Hydroxychloroquine inhibits hemolysis-induced arterial thrombosis ex vivo and improves lung perfusion in hemin-treated mice

Joshua H Bourne; Gina Perrella; Juma El-Awaisi; Lauren V Terry; Veronika Tinkova; Rebecca L Hogg; Poppy Gant; Beata Grygielska; Neena Kalia; Dean Kavanagh; Alexander Brill; Jordan D Dimitrov; Steve P Watson; Julie Rayes

doi:10.1016/j.jtha.2024.04.008

Hydroxychloroquine inhibits hemolysis-induced arterial thrombosis ex vivo and improves lung perfusion in hemin-treated mice

J Thromb Haemost. 2024 Apr 24:S1538-7836(24)00226-5. doi: 10.1016/j.jtha.2024.04.008. Online ahead of print.

Affiliations

¹ Institute of Cardiovascular Sciences, College of Medical and Dental Sciences, University of Birmingham, Birmingham, United Kingdom.
² Institute of Immunology and Immunotherapy, University of Birmingham, Birmingham, United Kingdom.
³ Centre de Recherche des Cordeliers, Institut national de la santé et de la recherche médicale, Sorbonne Université, Université Sorbonne Paris-Cité, Université Paris Descartes, Université Paris Diderot, Paris, France.
⁴ Institute of Cardiovascular Sciences, College of Medical and Dental Sciences, University of Birmingham, Birmingham, United Kingdom; Centre of Membrane Proteins and Receptors (COMPARE), Universities of Birmingham and Nottingham, the Midlands, United Kingdom.
⁵ Institute of Cardiovascular Sciences, College of Medical and Dental Sciences, University of Birmingham, Birmingham, United Kingdom. Electronic address: j.rayes@bham.ac.uk.

PMID: 38670315
DOI: 10.1016/j.jtha.2024.04.008

Abstract

Background: Free labile hemin acts as a damage-associated molecular pattern during acute and chronic hemolysis and muscle injury, supporting platelet activation and thrombosis.

Objectives: To investigate the anti-thrombotic potential of hydroxychloroquine on hemolysis-induced platelet activation and arterial thrombosis.

Methods: The effect of hydroxychloroquine on hemin-induced platelet activation and hemolysis-induced platelet recruitment and aggregation was measured in washed platelets and hemolyzed blood, respectively. Its effect on ferric-chloride (FeCl₃)-induced arterial thrombosis and lung perfusion following hemin injection was assessed in wild-type mice.

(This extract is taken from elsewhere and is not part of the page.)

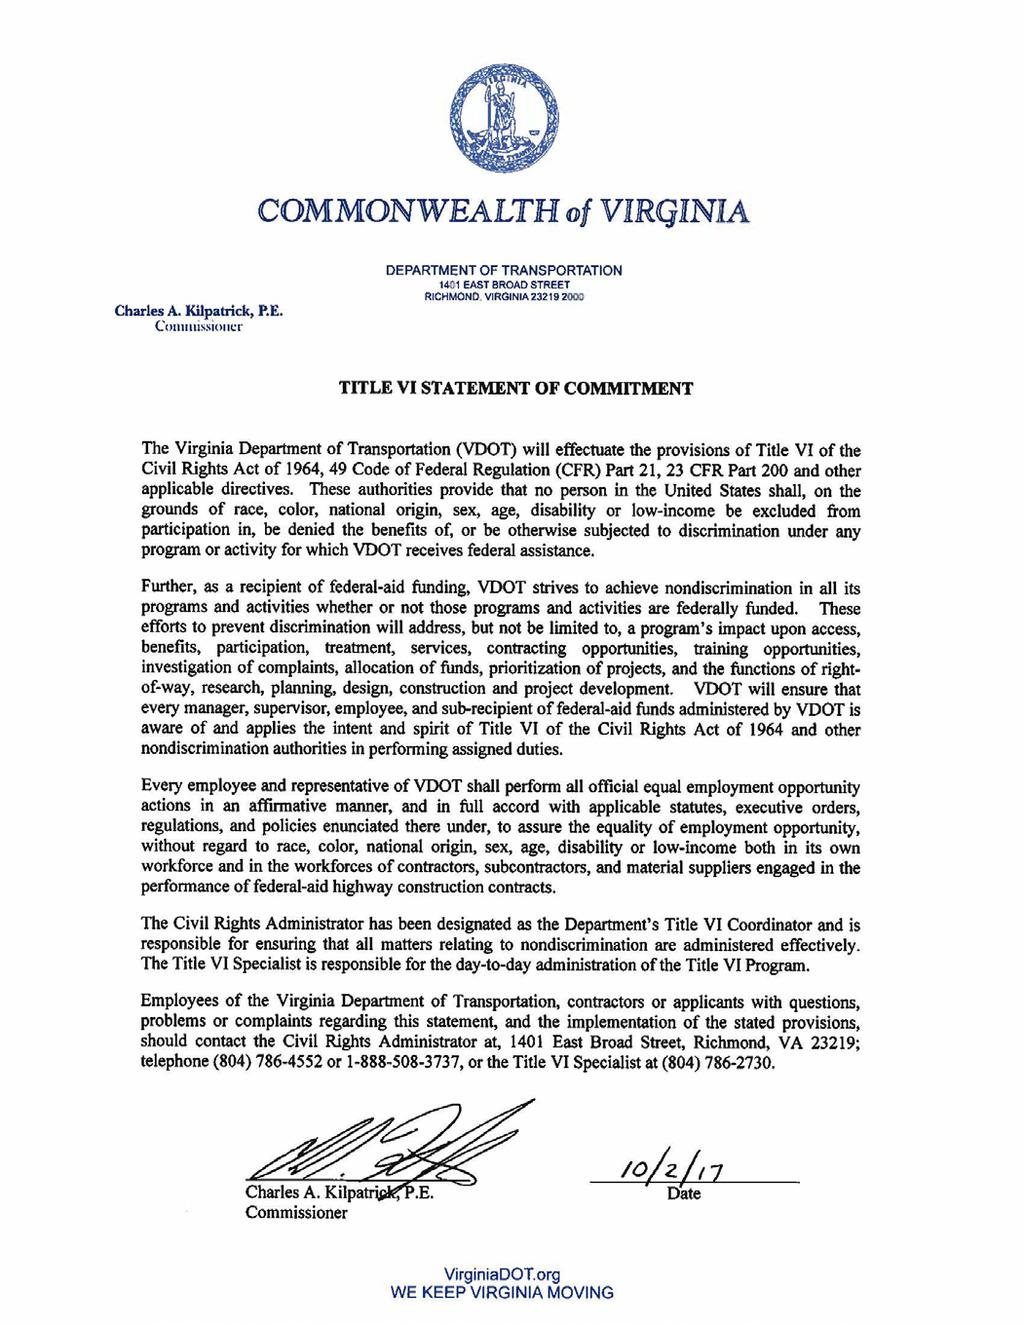 Virginia Department of

Results: Erythrocyte lysis and endothelial cell activation cooperatively supported platelet aggregation and thrombosis at arterial shear stress. This thrombotic effect was reversed by hydroxychloroquine. In a purified system, hydroxychloroquine inhibited platelet build-up on immobilized von Willebrand factor in hemolyzed blood without altering initial platelet recruitment. Hydroxychloroquine inhibited hemin-induced platelet activation and phosphatidylserine exposure independently of reactive oxygen species generation. In the presence of hemin, hydroxychloroquine did not alter glycoprotein VI shedding but reduced C-type-lectin-like-2 expression on platelets. In vivo, hydroxychloroquine reversed pulmonary perfusion decline induced by exogenous administration of hemin. In arterial thrombosis models, hydroxychloroquine inhibited ferric-chloride-induced thrombosis in the carotid artery and reduced von Willebrand factor accumulation in the thrombi.

Conclusion: Hydroxychloroquine inhibited hemolysis-induced arterial thrombosis ex vivo and improved pulmonary perfusion in hemin-treated mice, supporting a potential benefit of its use as an adjuvant therapy in hemolytic diseases to limit arterial thrombosis and to improve organ perfusion.

Keywords: hemin; hemolysis; hydroxychloroquine; platelets; thrombosis.